**Exercise aim**.
Return the lines of the listing below exactly as they appear, beginning at the one with "A view of the" and stopping after the one with "Lobster Kitchen Towel"; do not include pictures.

**Working data**.
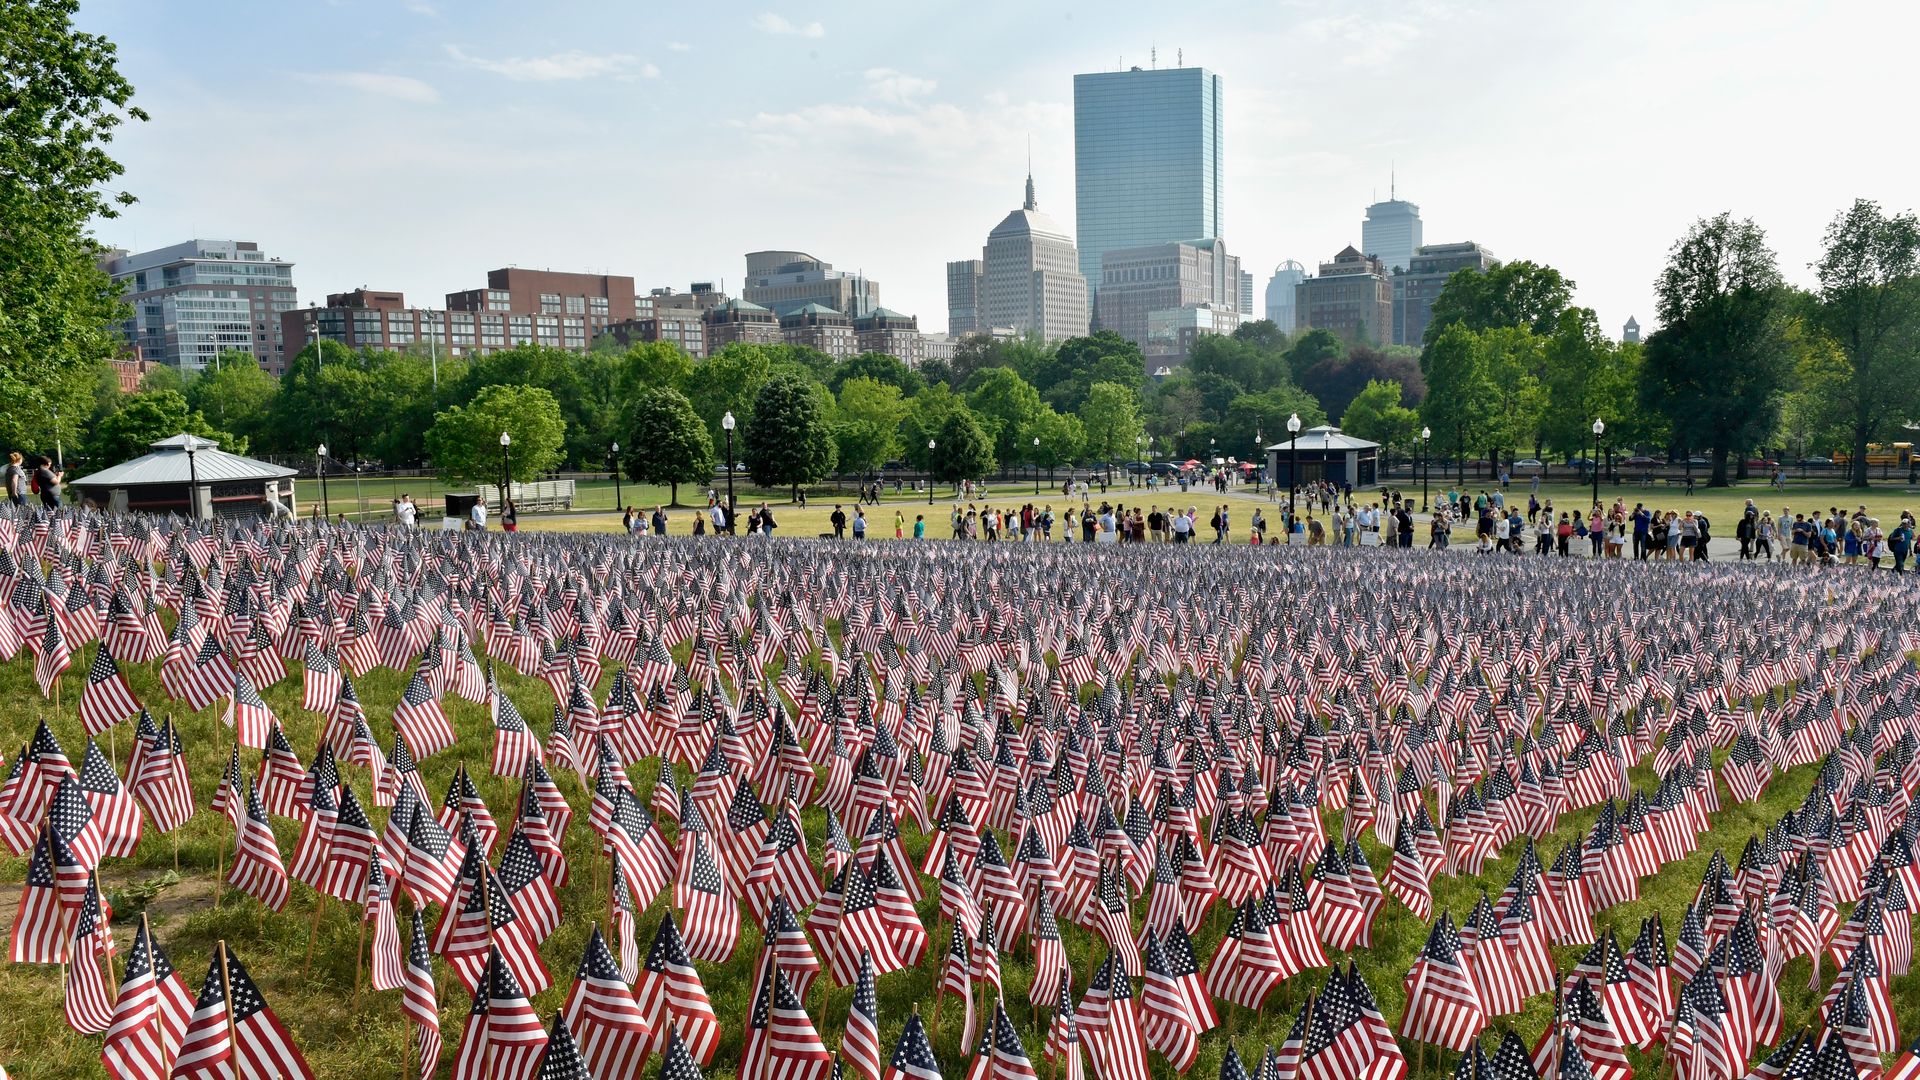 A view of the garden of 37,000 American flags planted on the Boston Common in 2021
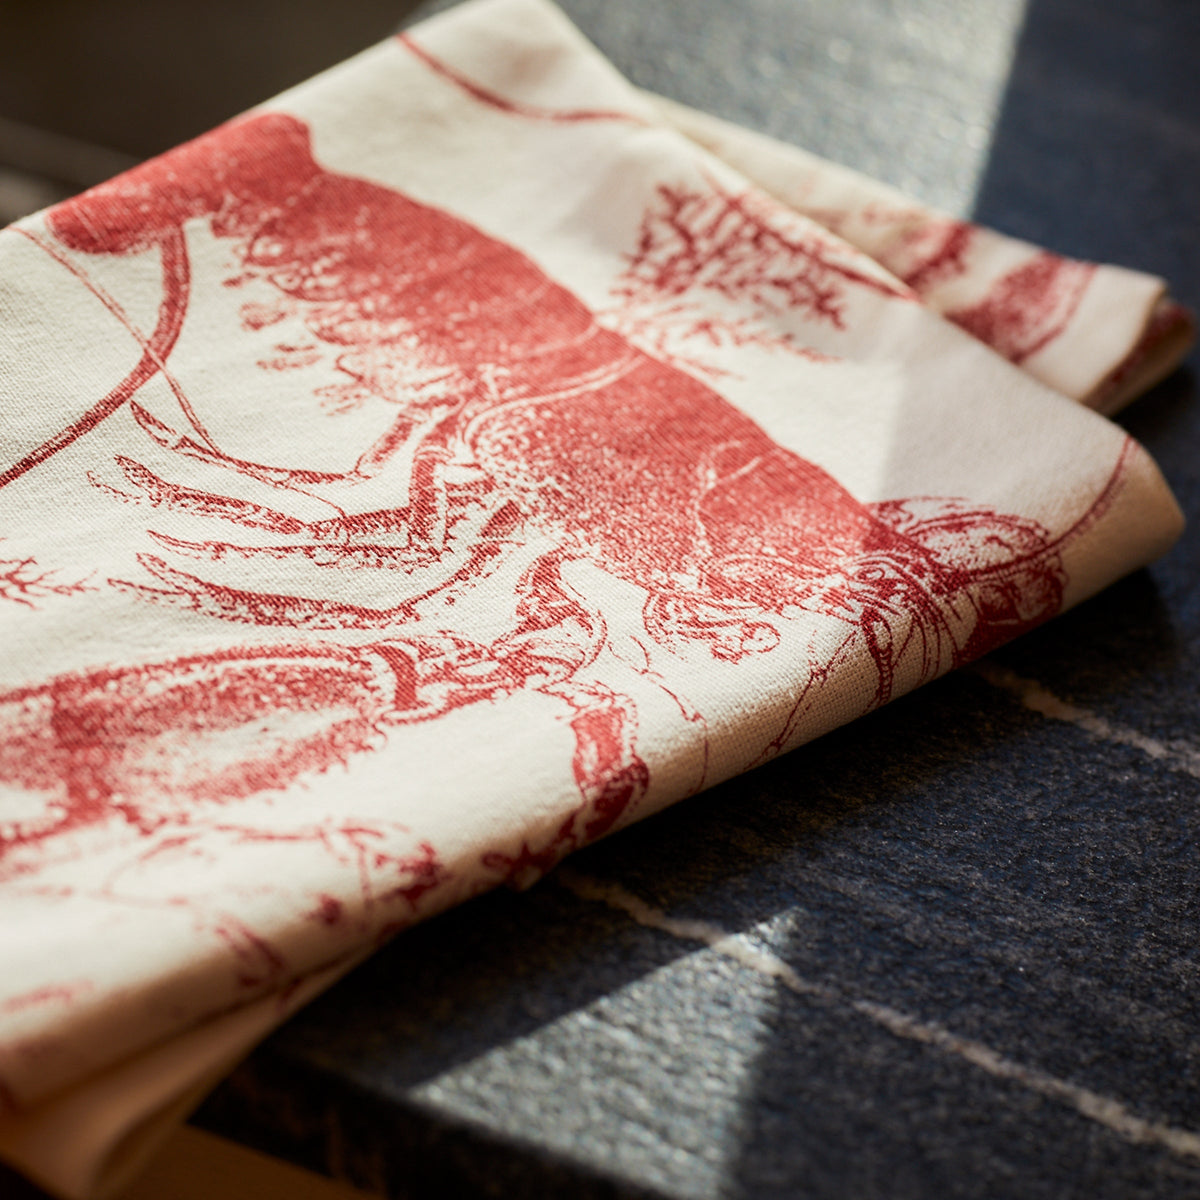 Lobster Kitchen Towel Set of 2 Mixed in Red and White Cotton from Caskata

---

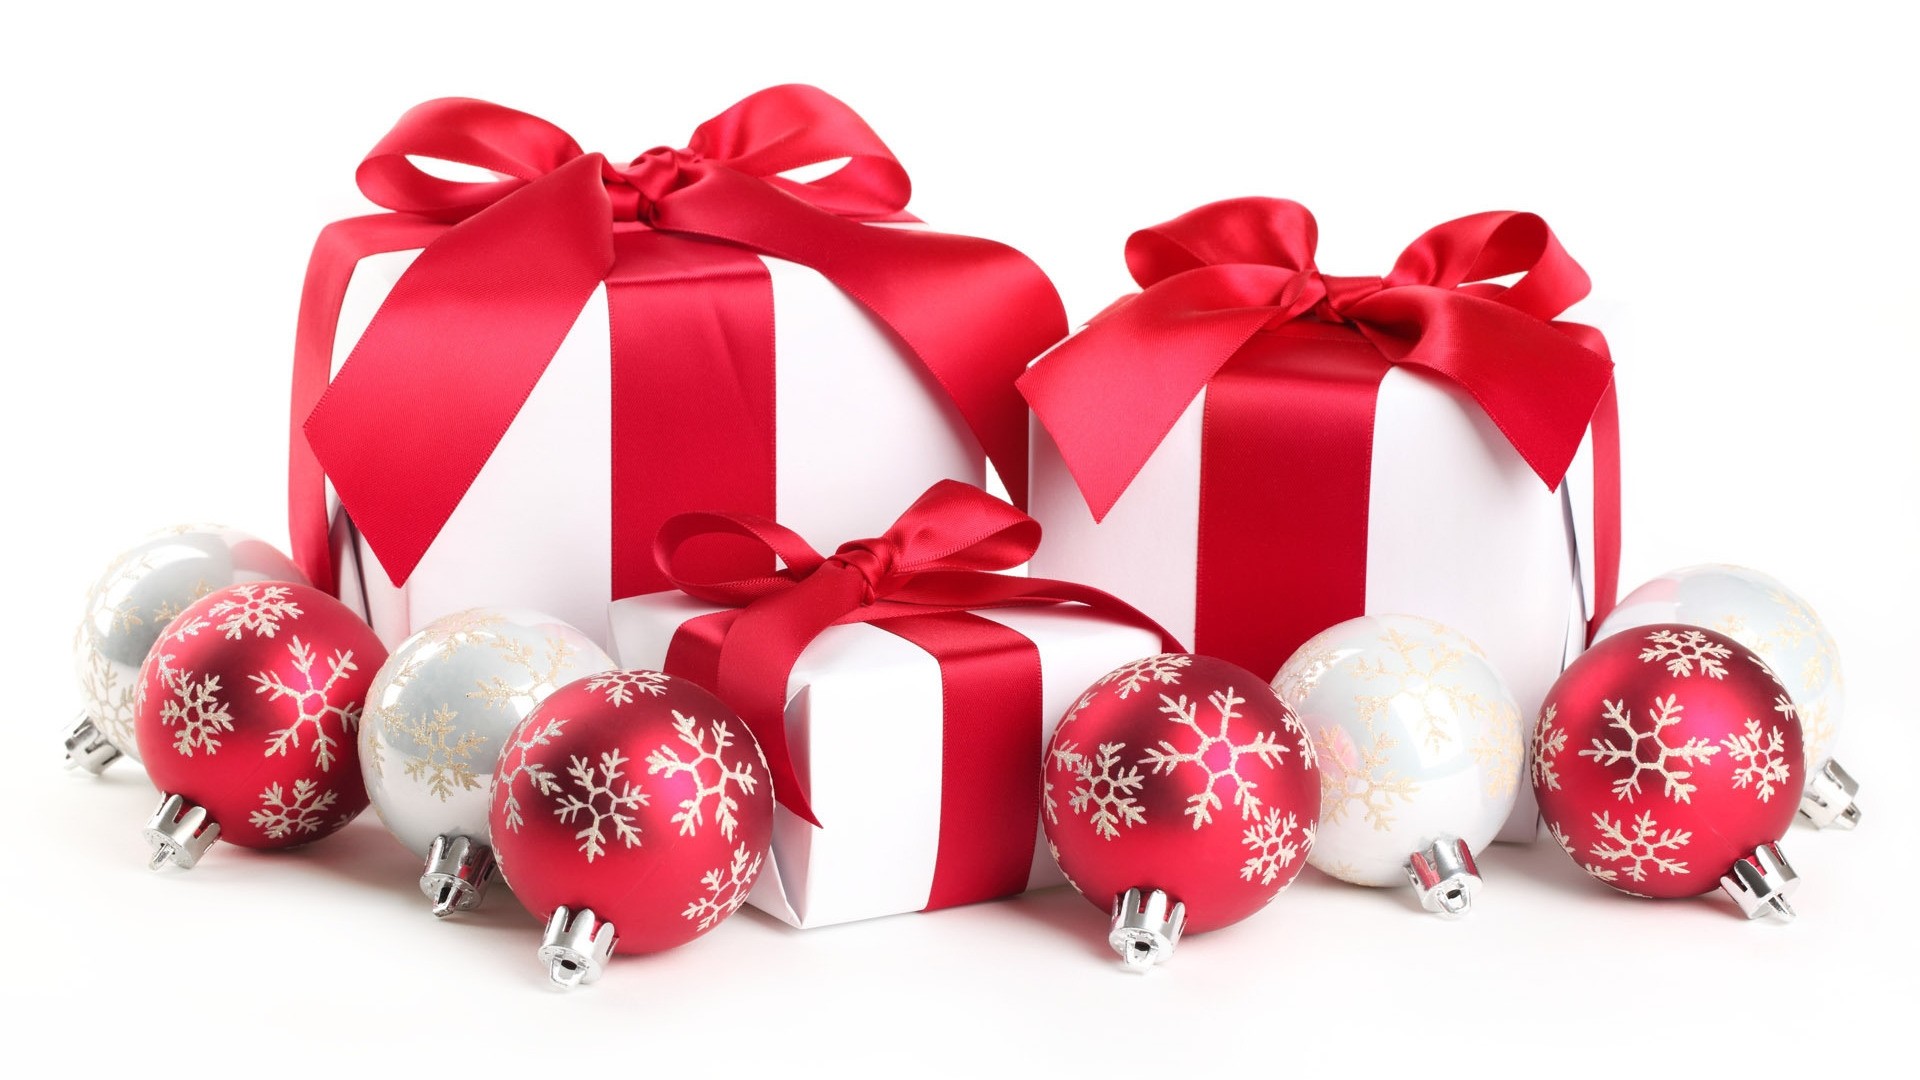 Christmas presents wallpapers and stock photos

**Task output**.
 A view of the garden of 37,000 American flags planted on the Boston Common in 2021
 Lobster Kitchen Towel Set of 2 Mixed in Red and White Cotton from Caskata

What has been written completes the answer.